日刊ゲンダイDIGITAL 5/11(木) 12:11配信

 まだ本来の姿ではない。3月のマイアミ・オープン(OP)で右手首を痛めた錦織圭(27=世界ランキング8位)が、約1カ月半ぶりにコートに戻ってきた。同40位のシュワルツマン(24=アルゼンチン)を相手に第1セットを落とすも、2-1で退けた。

 今大会は4大大会に次ぐ格付けのマスターズ1000。錦織が欲しいタイトルのひとつだが、手首の状態は万全でない。第1セットはフォアのミスを連発、ベンチで何度も手首を気にしていた。28日開幕の全仏OP(クレー)を前に無理はできず、少しでも痛みが出れば途中棄権もあるとみられている。

 今回の故障は全仏での上位狙いがあだになったとの指摘がある。錦織は2月のデビス杯を欠場、4連覇しているメンフィスOPとメキシコOPには行かず、得意のクレーで行われるアルゼンチンOP(準優勝)とリオOP(初戦負け)に出場した。

■「南米2大会の影響は否定できない」

 昨年までと日程を変えたのは、クレーの全仏を見据えて2月に赤土を2大会経験しておきたかったからだ。3月は米国開催のマスタ―ズ2大会(ハード)に出て、4月下旬からのクレー3大会で調子を上げ、ベスト8が最高成績の全仏に向かうシナリオだった。

 しかし、クレーは球足が遅く、ボールが高く弾むのでラリーが続きやすい。しかも、南米のクレーコートは欧州ほどしっかり整備されていない。同じクレーでも、大会によって状態は大きく異なる。今季はそれまで2大会(ブリスベン国際、全豪)しか戦っていなかった錦織にとって体への負担が大きかったことは想像に難くない。

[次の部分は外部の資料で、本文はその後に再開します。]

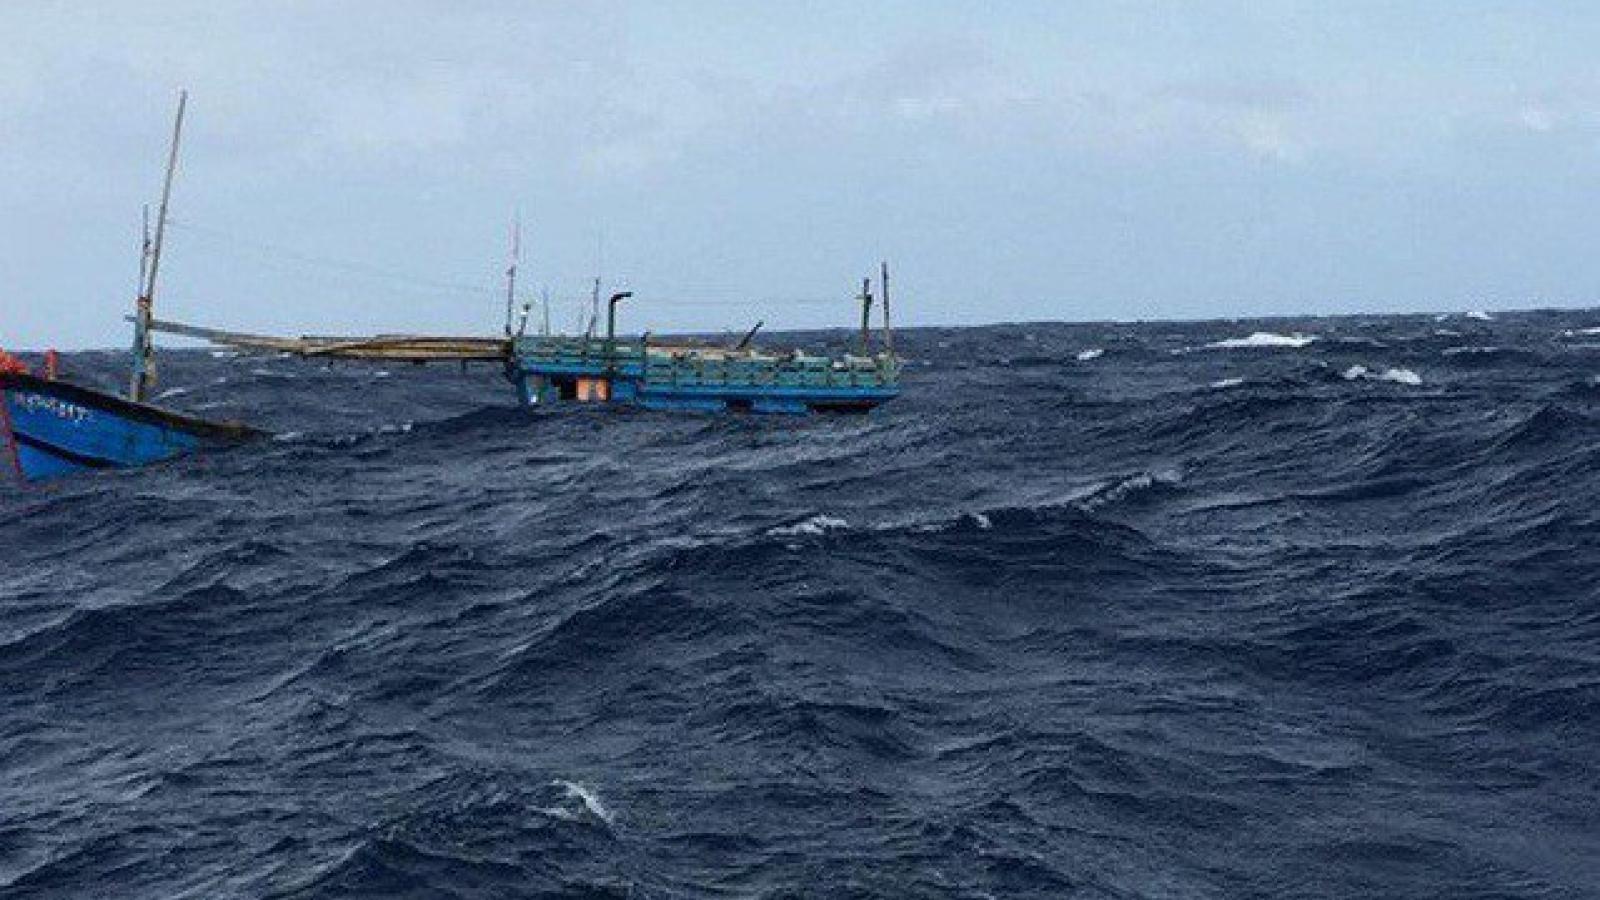 Tìm thấy ngư dân thứ 2 trôi dạt trên vùng biển Thanh Hóa
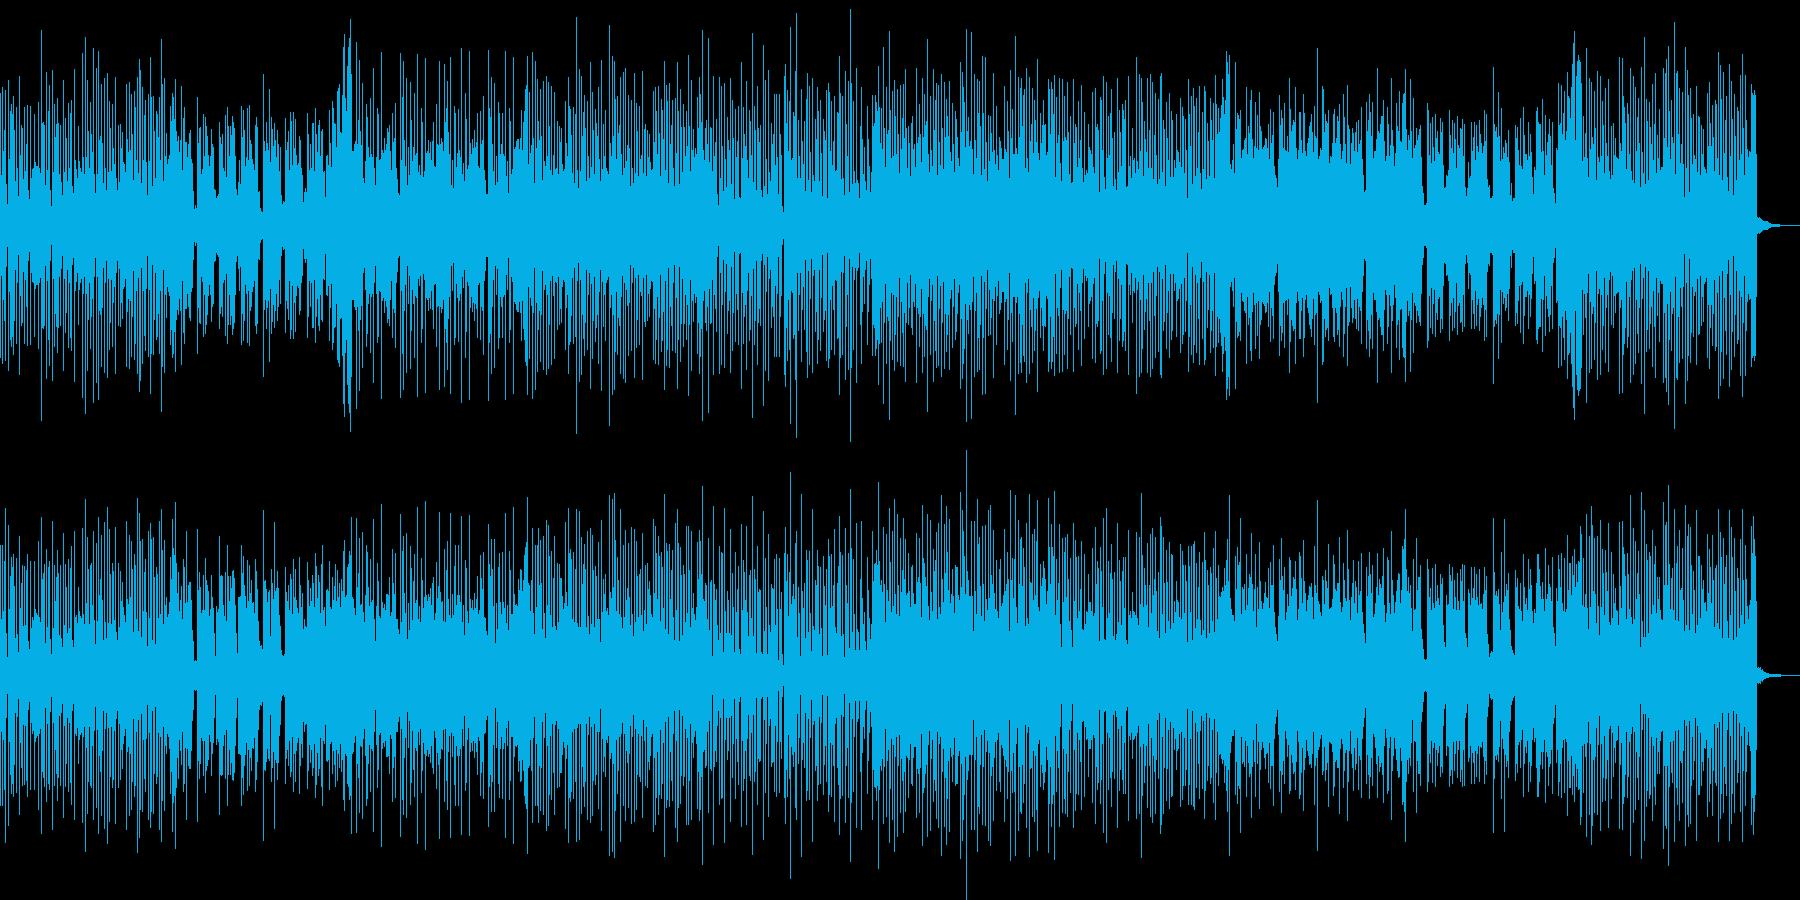 切なくておしゃれな感じのテクノハウスの再生済みの波形

痛みが出たのはハードコートのマイアミOPでも、「南米2大会の影響は否定できない」と関係者は話す。

 錦織は2月3日開幕のデビス杯に出ると南米大会に向けて日程が厳しく、「体のことを考えて」欠場を決めたと言った。その南米大会が故障の原因になったとすれば皮肉な話である。